A few cars were imported to Europe (mainly Germany) by an independent Belgian-based importer for a short period beginning in 2006, but deliveries were suspended after a Euro NCAP crash test arranged by the ADAC (the General German Automobile Club). The car only managed to achieve one of the possible five stars, a result described as "catastrophic" and "disastrous". A second star was denied because on a side impact test, biometric limits were exceeded. Due to the severe deformation of the car, the likelihood of occupants surviving the crash was low. However, according to a wire report carried by Forbes.com, a heavily strengthened version of BS6 was later tested in Spain.

==European exports==
The Brilliance BS6 had a starting purchase price of 18,000 Euros, similar in price to established competitors like the Ford Mondeo and Volkswagen Passat.

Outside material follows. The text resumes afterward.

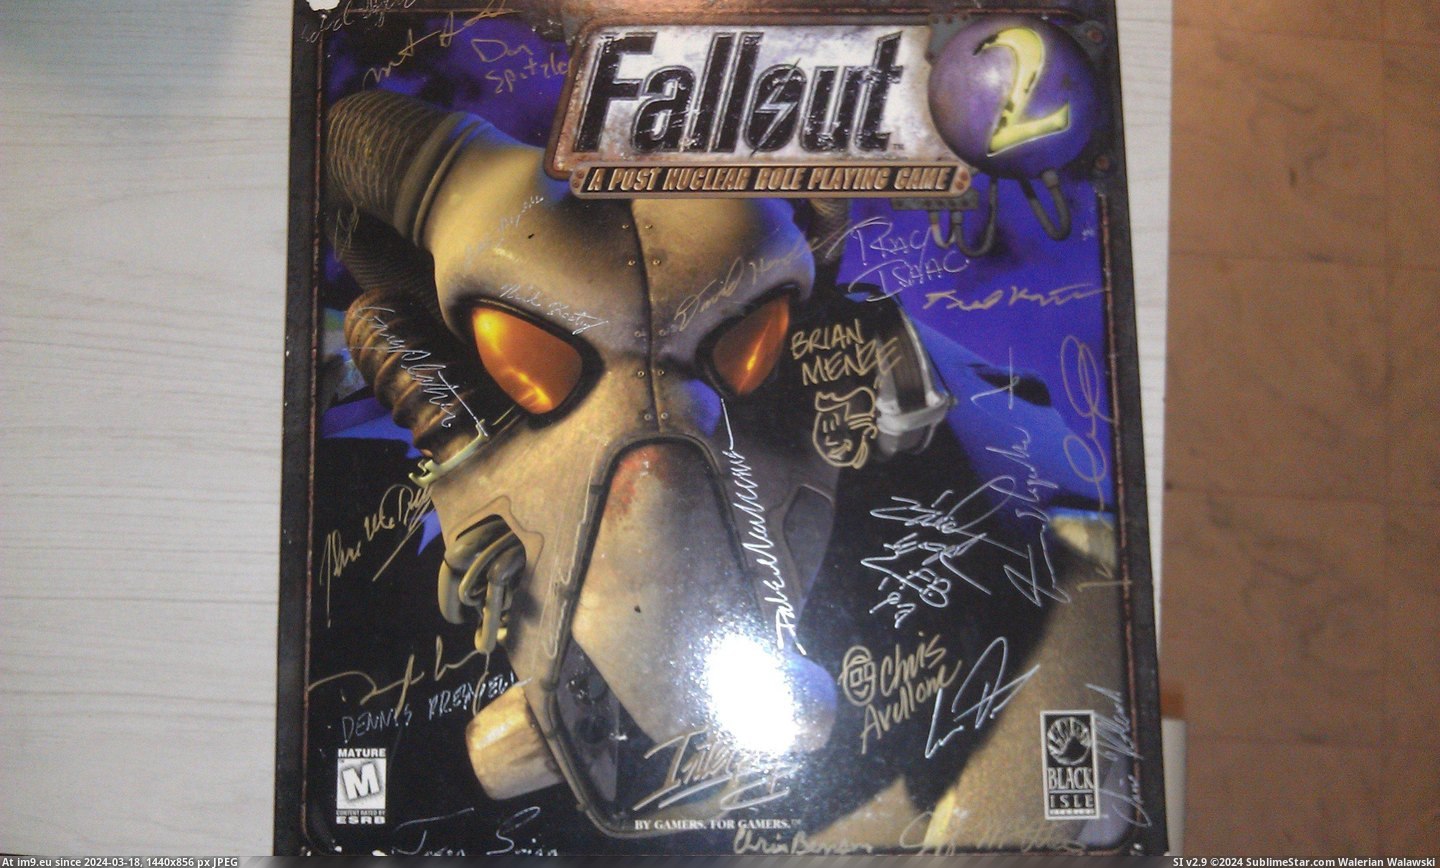 #Gaming #Out #Team #Contest #Development #Dug #Won #Fallout #Signed [Gaming] Dug this out. My copy of Fallout 2 signed by the development team that I won in a contest. Pic. (Bild von album My r/GAMING favs))
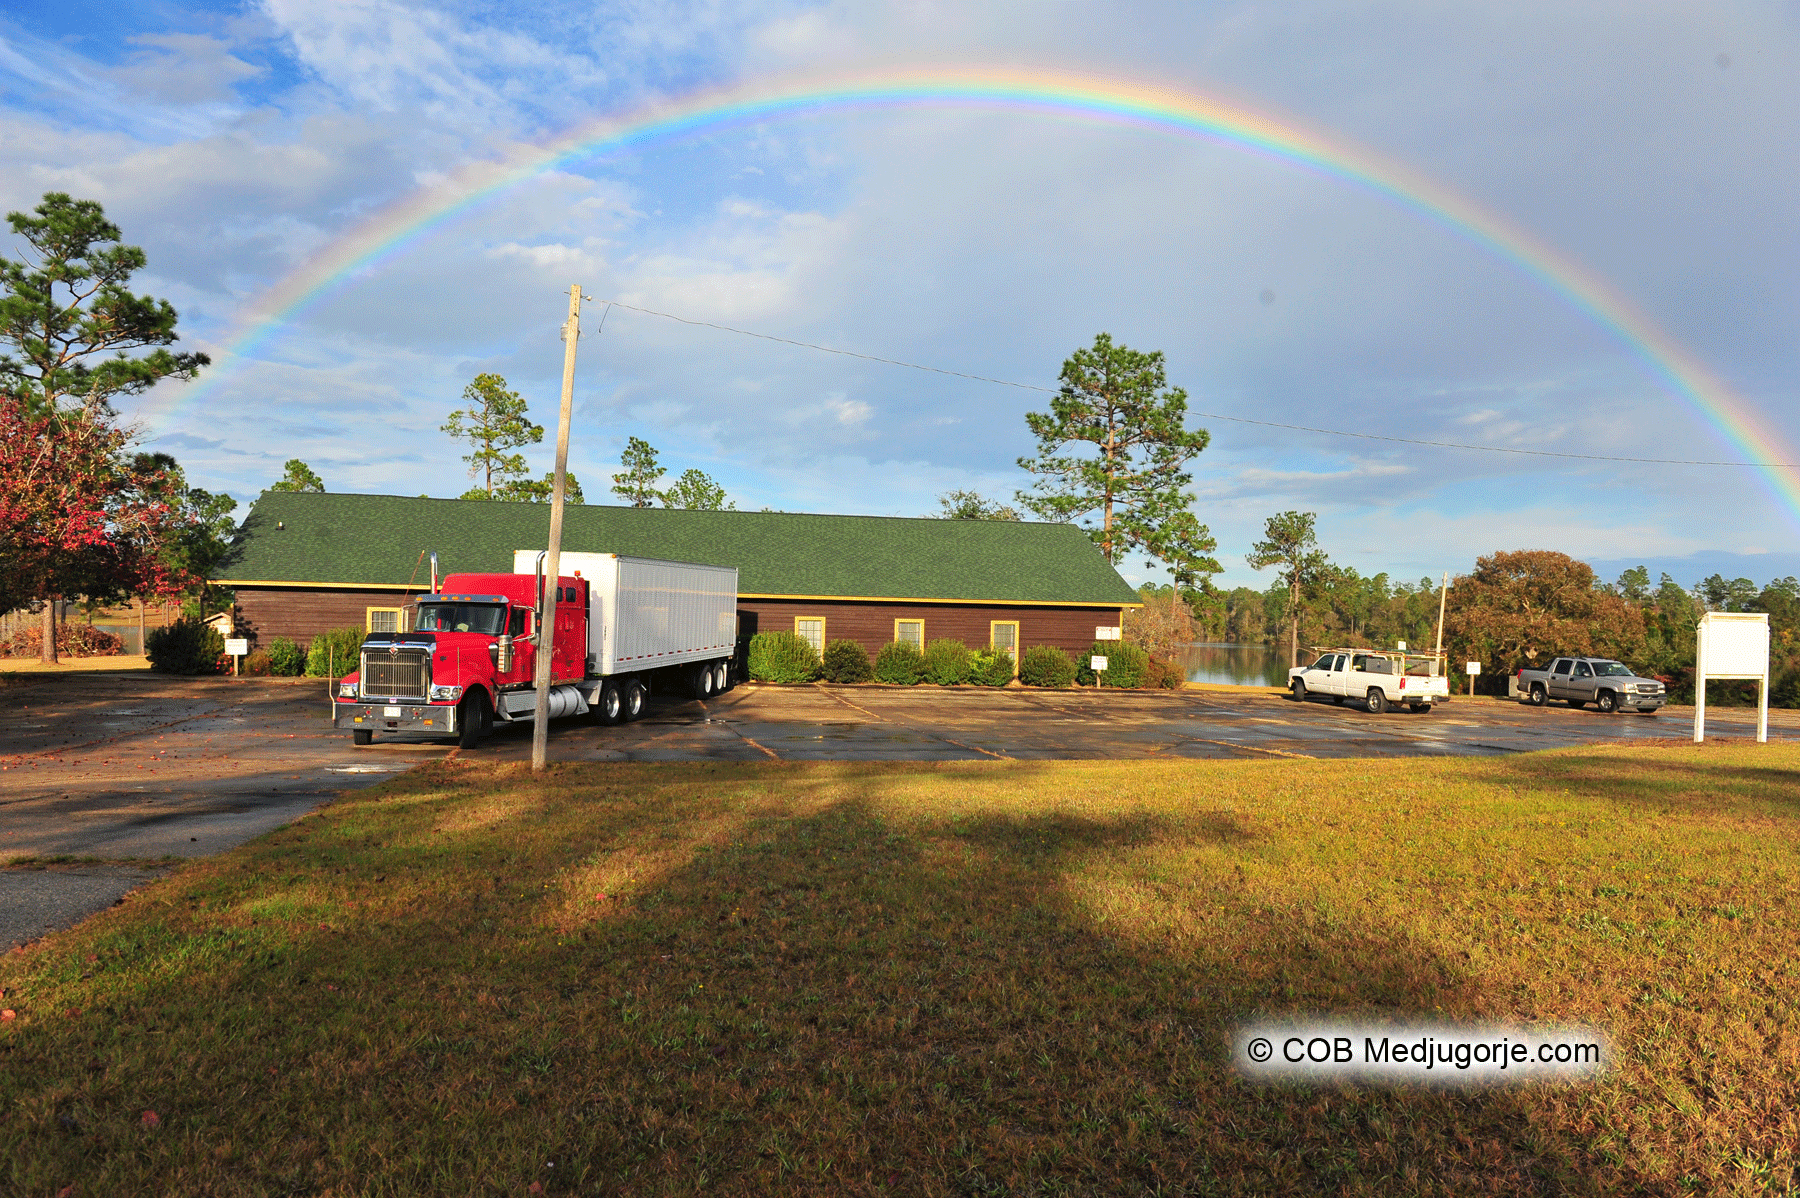 Rainbow in Mississippi

Brilliance was planning to market the car in the United States, but its price would have been at least , slightly higher than the already established Toyota Camry. Efforts to sell the car in Europe stalled after importer HSO Motors filed for bankruptcy in November 2009, in part due to the high price of the cars. According to automotive data provider JATO Dynamics, combined European Union sales of the BS4 and BS6 were only 502 units from 2007 to 2009, with only 46 BS6's sold in the EU in 2009. Sales ended in early 2010, but nonetheless, Brilliance then returned to the European market as Shenhua Motors GmbH.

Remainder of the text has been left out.